At Insider, web performance is a key tenet of our product and engineering organization. We value user experience, developer experience, and optimize for SEO. Over the last few years, we have developed a performance engineering strategy that empowers the product and technology team. We group these strategies into five pillars — Content Delivery, Observability, In-House Consultancy, Performance Evangelism and Search Engine Optimization.

Content Delivery

Site reliability engineering provides the foundation for everything we build, distributing content to over ten million users everyday. We leverage Fastly, custom VCLs, logging services, and caching. We employ Kubernetes horizontal and vertical pod auto scaling and perform load tests to correctly size Kubernetes workloads. These strategies prevent performance issues before they happen.

Our content delivery API contracts are defined using protocol buffers.
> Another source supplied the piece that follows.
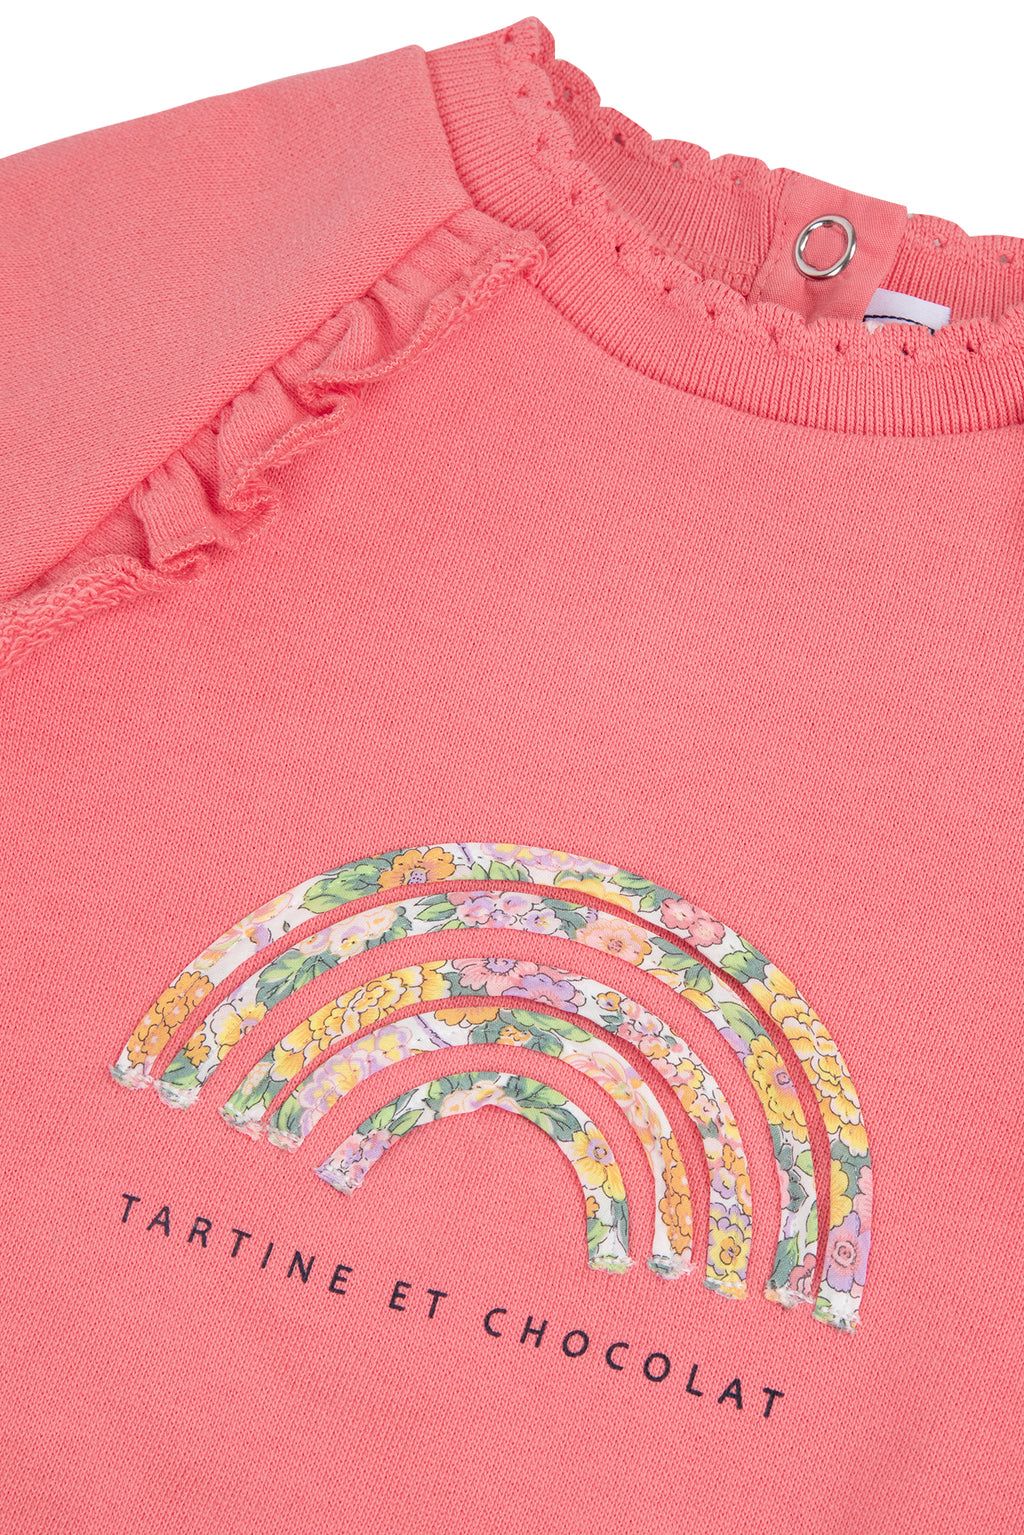 Sweatshirt - Pink Embrodery Rainbow

Protobuf is a binary transfer format. The majority of our services are developed in Go, use gRPC and source data from MongoDB. gRPC allows data to be transferred in binary across HTTP/2 which is seven to ten times faster than traditional REST APIs. Most database queries are indexed and, thanks to denormalization, API requests only require a single trip to the database. We add REST endpoints behind Varnish so a lot of requests don’t reach the back-end. Go is a high performance language, and by marrying that with the benefits of gRPC and MongoDB, one ends up with lightning fast services. Clients either get the speed benefit of Protobuf/gRPC or Varnish.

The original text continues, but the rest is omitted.